Mas não foi assim tão simples e imediato, não. Houve resistências, vencidas por artistas e público, numa simbiose que nos dá um lugar de destaque na música internacional.
Meu primeiro contato com o ritmo jamaicano, na origem, aconteceu no final da década de 1970, em um show de Gilberto Gil, na antiga Portuguesa, um clube social bastante popular à época. Sentado em seu banquinho, o bom baiano soltou ao violão os primeiro acordes de Não chore mais (No woman, no cry), que vim a saber, já era um clássico do ótimo Bob Marley.
A cena que veio a seguir é risível nos dias de hoje – mas não era então. À frente do artista, em pé, postou-se um agente federal, uma figura carimbada nos encontros estudantis e de entidades democráticas daquela quadra triste da vida brasileira. Com o apoio da plateia, que pouco conhecia a canção, imagino, Gil foi até o final, sendo aplaudido sem parcimônia.
As informações correram celeremente entre os da turma: a música provocava os ouvidos sensíveis - e estúpidos – de censores e defensores dos valores da família brasileira (já havia disso naquela época - aliás, já antes dela).
Era apenas o começo de uma longa jornada contra o preconceito e em favor do que viria a ser parte da nossa melhor produção musical.
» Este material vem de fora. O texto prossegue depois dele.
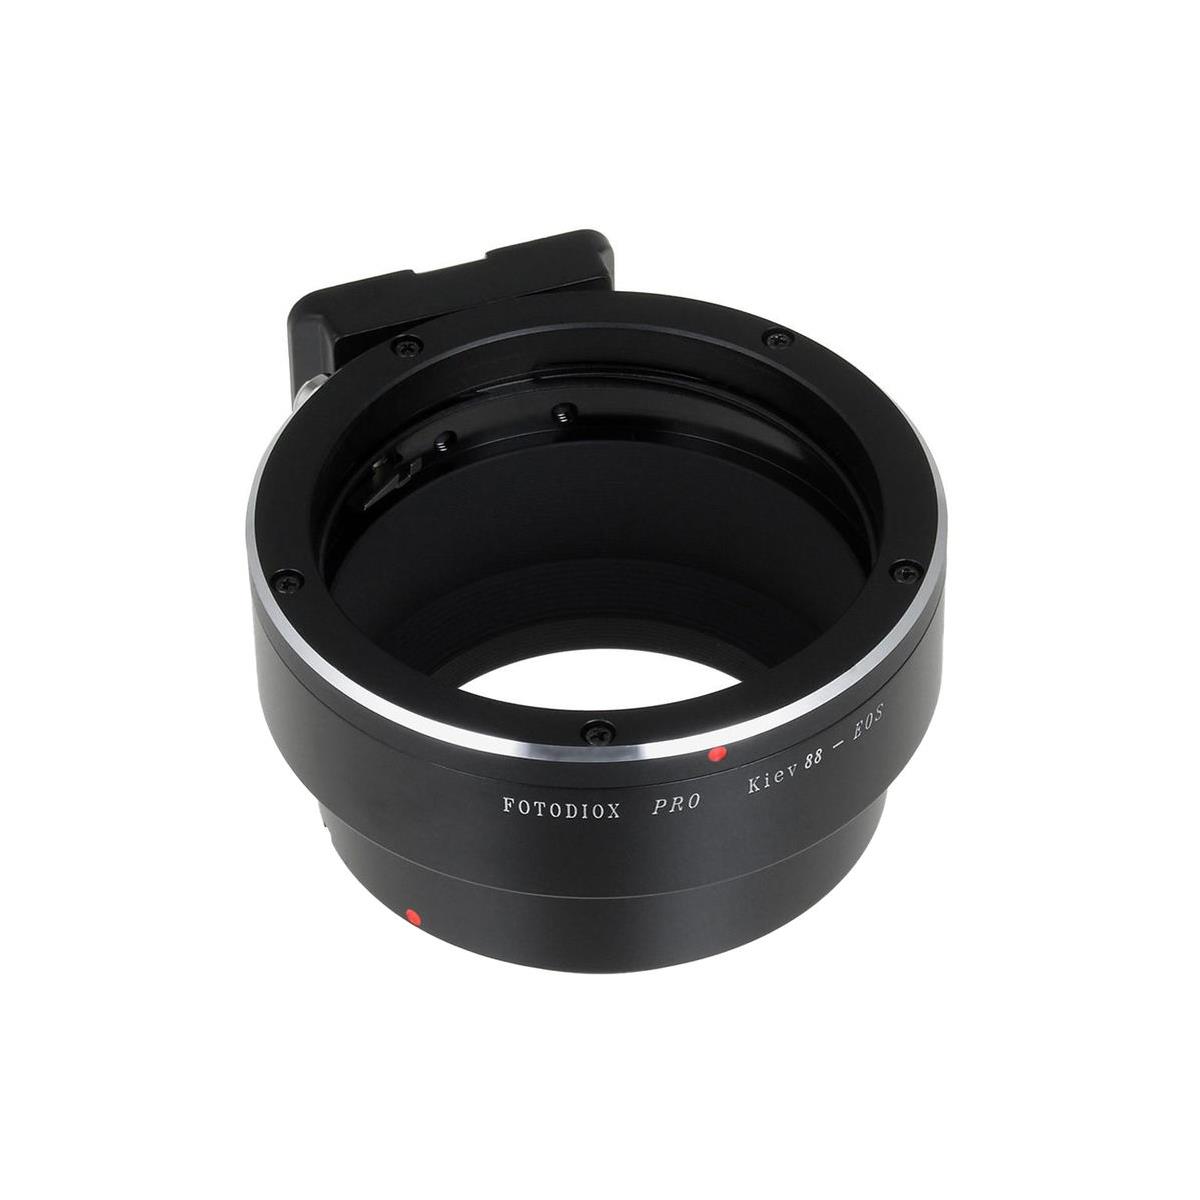 Image of Fotodiox Pro Lens Mount Adapter for Kiev 88 SLR Lens to Canon EF/EF-S SLR Camera

Gil, por exemplo, tornou-se um grande compositor de “reggae brasileiro”, alguns já transformados em clássicos: Vamos fugir, Drão, Esotérico – e segue o baile.
Na virada do milênio, décadas depois, pude acompanhar a reação da reação à turma e ao país de Bob Marley: Camila, minha filha, e um grupo de estudantes secundaristas do Marista resolveram fazer um trabalho para a feira de ciências do colégio sobre a Jamaica. Tudo bem: elas – a própria, Juliana, Aninha, Gabi e alguns garotos, sob o comando decididamente feminino - formavam um grupo de provocadoras, isso sim. E que bom que eram assim! Ante os muxoxos de alguns educadores mais conservadores, visitei a feira e desfilei meus melhores elogios ao trabalho, frustrando aqueles que esperavam uma “dura” desse pai preto – de corpo e alma.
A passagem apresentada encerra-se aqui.